Reliquary of St. Foy at Conque Abbey (photo: Holly Hayes, Art History images)
The cult of relic was at its peak during the Romanesque period (c. 1000 – 1200). Relics are religious objects generally connected to a saint, or some other venerated person. A relic might be a body part, a saint’s finger, a cloth worn by the Virgin Mary, or a piece of the True Cross.
Relics are often housed in a protective container called a reliquary. Reliquarys are often quite opulent and can be encrusted with precious metals and gemstones given by the faithful. An example is the Reliquary of Saint Foy, located at Conques abbey on the pilgrimage route. It is said to hold a piece of the child martyr’s skull. A large pilgrimage church might be home to one major relic, and dozens of lesser-known relics. Because of their sacred and economic value, every church wanted an important relic and a black market boomed with fake and stolen goods.
Portal, Cathedral of Saint Lazare, Autun, 12th century
Accommodating crowds
St. Sernin, Toulouse (plan)
Pilgrimage churches were constructed with some special features to make them particularly accessible to visitors. The goal was to get large numbers of people to the relics and out again without disturbing the Mass in the center of the church. A large portal that could accommodate the pious throngs was a prerequisite. Generally, these portals would also have an elaborate sculptural program, often portraying the Second Coming—a good way to remind the weary pilgrim why they made the trip!
A pilgrimage church generally consisted of a double aisle on either side of the nave (the wide hall that runs down the center of a church). In this way, the visitor could move easily around the outer edges of the church until reaching the smaller apsidioles or radiating chapels. These are small rooms generally located off the back of the church behind the altar where relics were often displayed. The faithful would move from chapel to chapel venerating each relic in turn.
Thick walls, small windows
The thrust of a barrel vault
Romanesque churches were dark. This was in large part because of the use of stone barrel-vault construction. This system provided excellent acoustics and reduced fire danger. However, a barrel vault exerts continuous lateral (outward pressure) all along the walls that support the vault.
This meant the outer walls of the church had to be extra thick. It also meant that windows had to be small and few. When builders dared to pierce walls with additional or larger windows they risked structural failure. Churches did collapse.
Nave, Tournus Cathedral, 11th century
Groin vault
Later, the masons of the Gothic period replaced the barrel vault with the groin vault which carries weight down to its four corners, concentrating the pressure of the vaulting, and allowing for much larger windows.

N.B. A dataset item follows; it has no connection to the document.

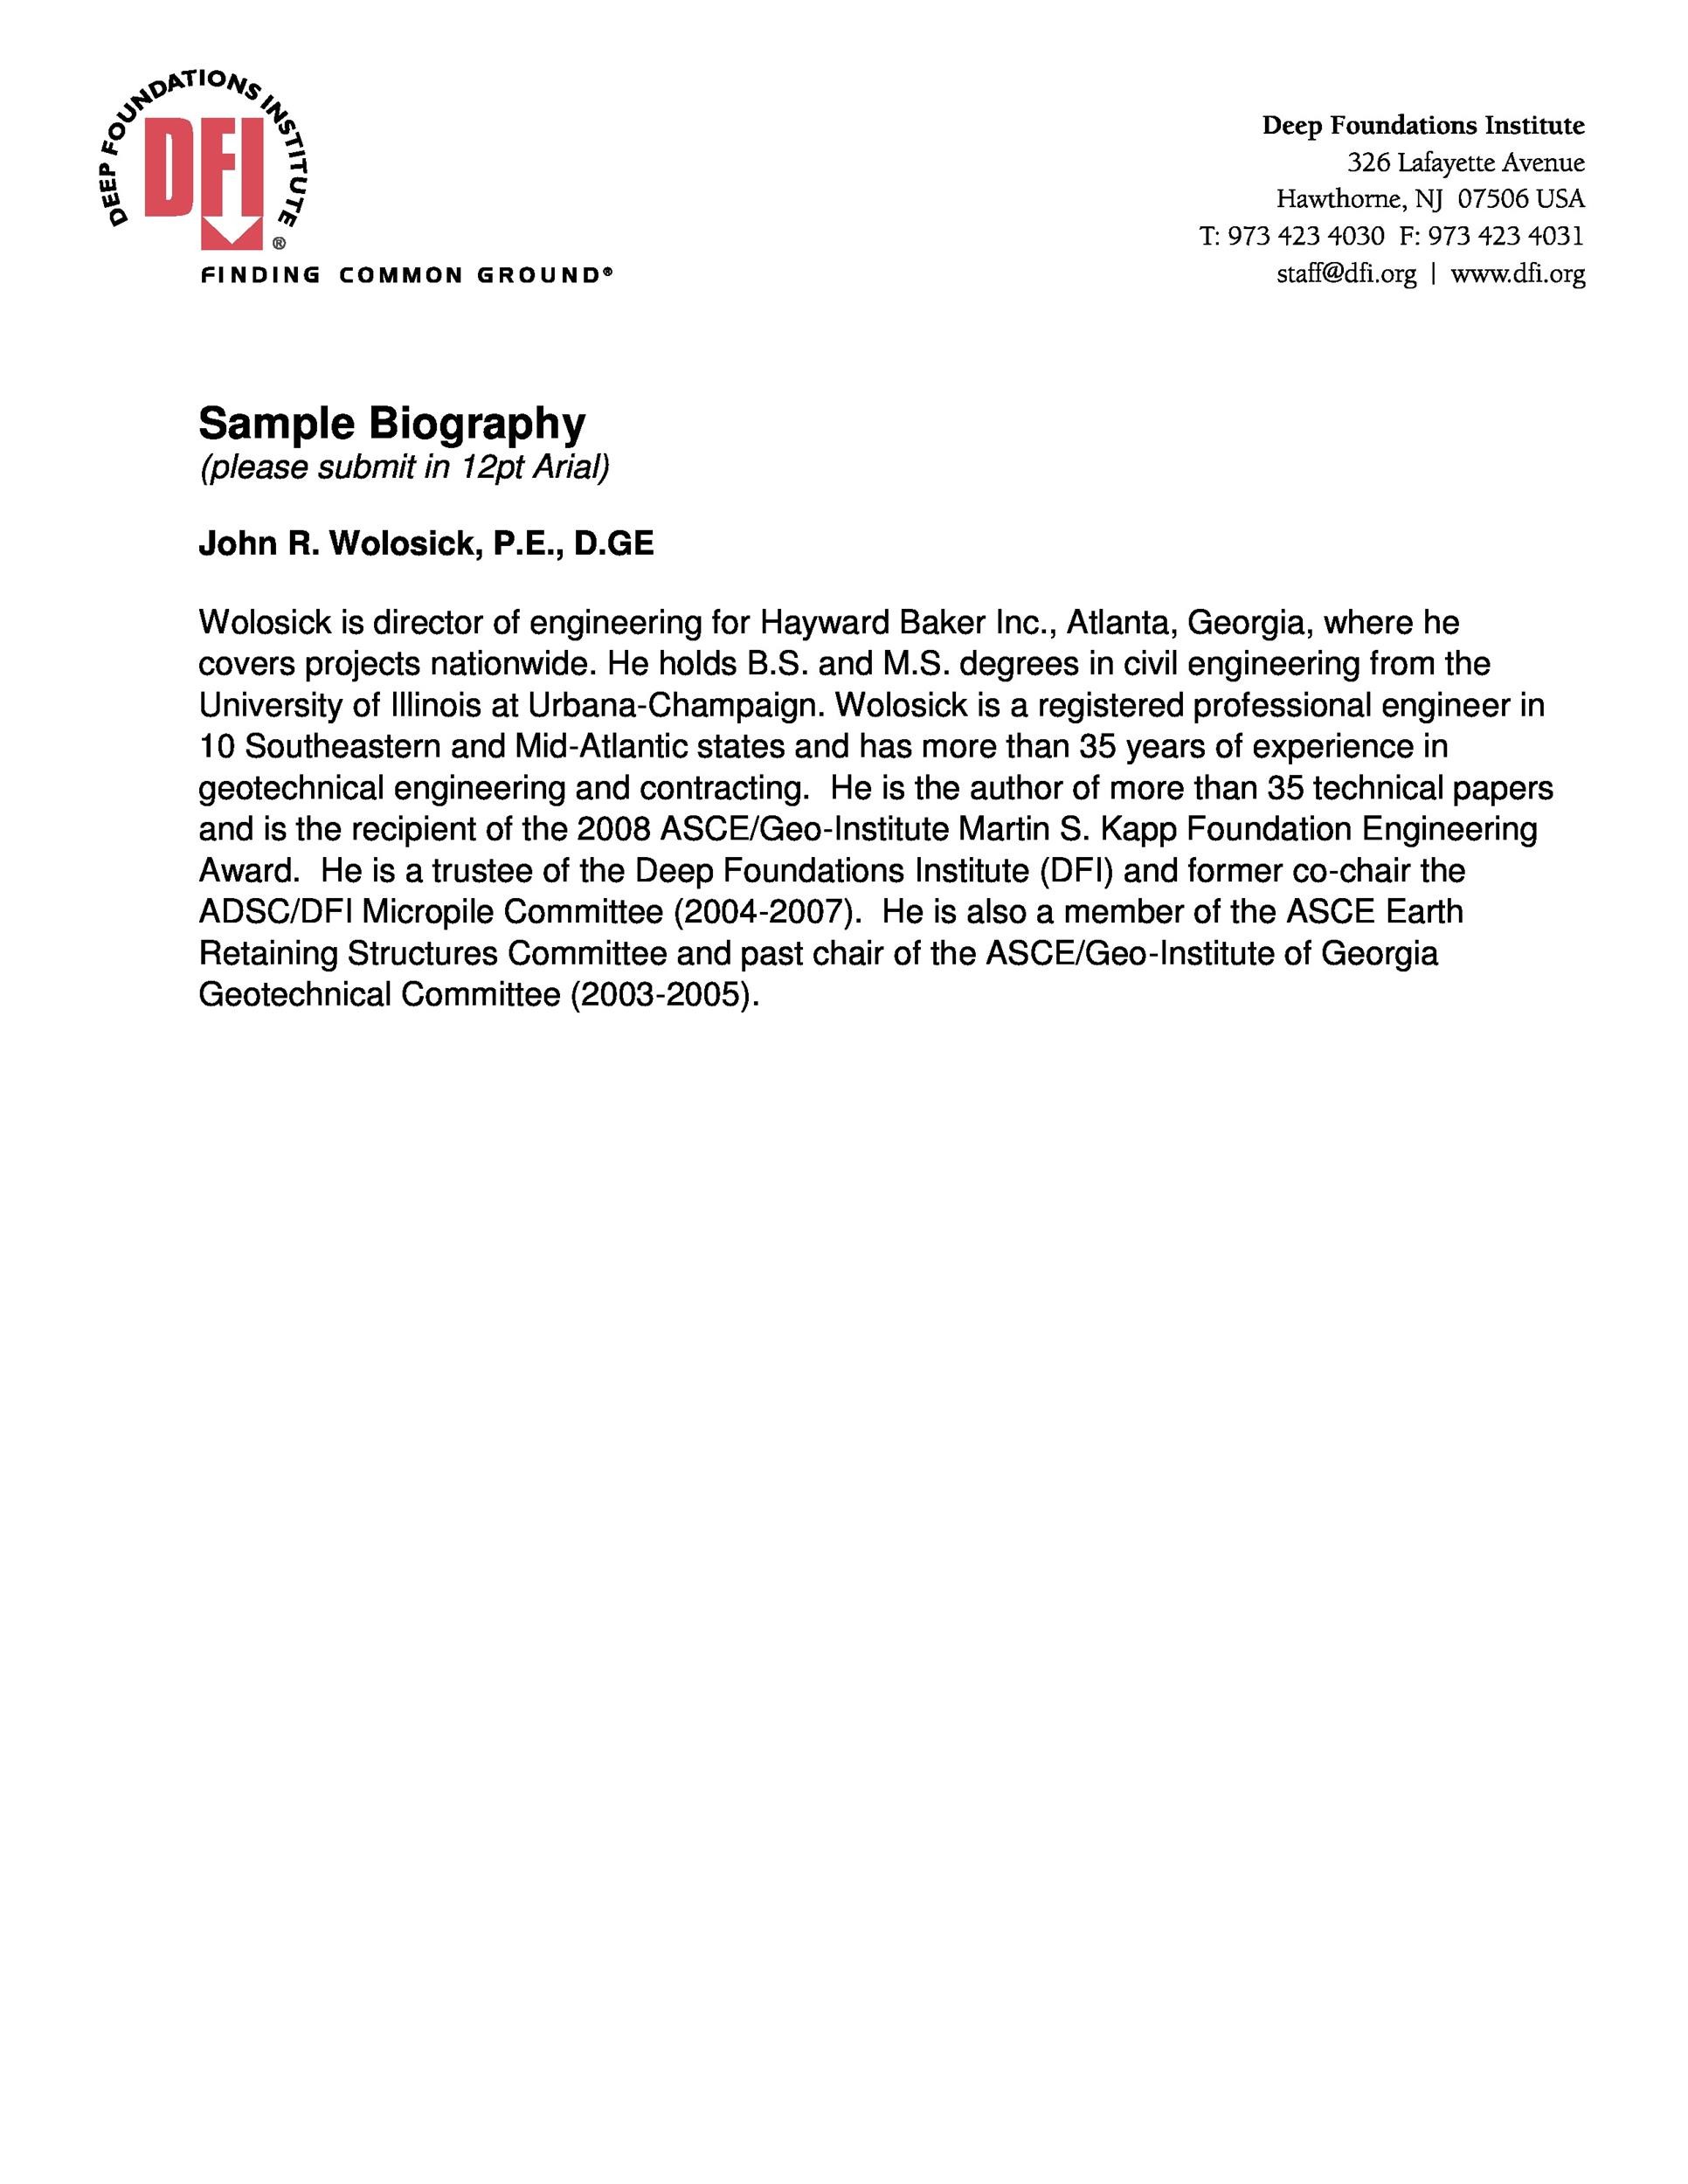 How to Write a Biography Resume

The consecration of the main altar of Cluny III by Pope Urban II in 1095, in the presence of abbot St Hugh, from the Miscellanea secundum usum Ordinis Cluniacensis, late 12th – early 13th century, folio 91r (Illuminated Manuscript no. 17716, Bibliotheque National de France, Paris)
The largest church in Christendom
The abbey of Cluny III (located in Southern Burgundy, France) started modestly enough—the first church being a relatively simple barn like structure. However, Cluny quickly grew to be home to the largest church in Christendom—a title it would hold for over 200 years.
Surviving Transept, Cluny Abbey (Cluny III), 12th-century, Saône-et-Loire, Burgundy, France
But first things first, what exactly is an abbey? An abbey can refer to a Christian church, but the term generally goes beyond that to refer to the grouping of buildings that constitutes the housing and other necessary buildings for a society of Christian monks or nuns who were all living under a specific religious rule (the rule regulated their lives, specifying behavior and the organization of the monastery). In the case of Cluny, the rule the monks lived under was that of Saint Benedict of Nursia, who had, in the 6th century, advocated a life divided between prayer, rest, study, and work.
William of Aquitaine addressing two monks of Cluny, historiated initial, from the Miscellanea secundum usum Ordinis Cluniacensis, late 12th – early 13th century, folio 85r (Illuminated Manuscript no. 17716, Bibliotheque National de France, Paris)
A gift from William I, Duke of Aquitaine
The site of abbey originally belonged to William I, Duke of Aquitaine and was home to his favorite hunting box (a hunting lodge for use during the hunting season). In the Middle Ages, a duke (the highest ranking member of the nobility) often wielded much more power and authority than a king (this was in part because the dukes held sway over the provinces, and power was decentralized). Dukes were often wealthier than the king (as the Très Riches Heures of the Duke of Berry demonstrates). While a hunting box may conjure up visions of a one-room cabin, likely it was a large and stately home in its own right—so when, toward the end of his life, William I gave up the home, lands, and hunting rights (and several other parcels of land as well), so that charitable institutions could be built, it was a significant donation. The land that would become Cluny was placed into the hands of a venerable monk named Berno, who would become Saint Berno of Cluny.
Cluny I
Berno was the abbot of the newly founded Cluny from 910 to 925. The monastery was created to be a reform order that strictly adhered to the Rule of Saint Benedict.* Cluny sought to reform monastic life by returning to the Western monastic traditions of previous centuries which focused on peace, solitude, prayer, and work (such as caring for the poor). Importantly, William I of Acquataine (sometimes referred to as William the Pious), endowed the abbey with something more than land—he gave it independence. As a result, the abbey answered directly to the pope and did not have to obey any other dictates, or taxation, from local lords. This would help Cluny to become a wealthy center of the arts.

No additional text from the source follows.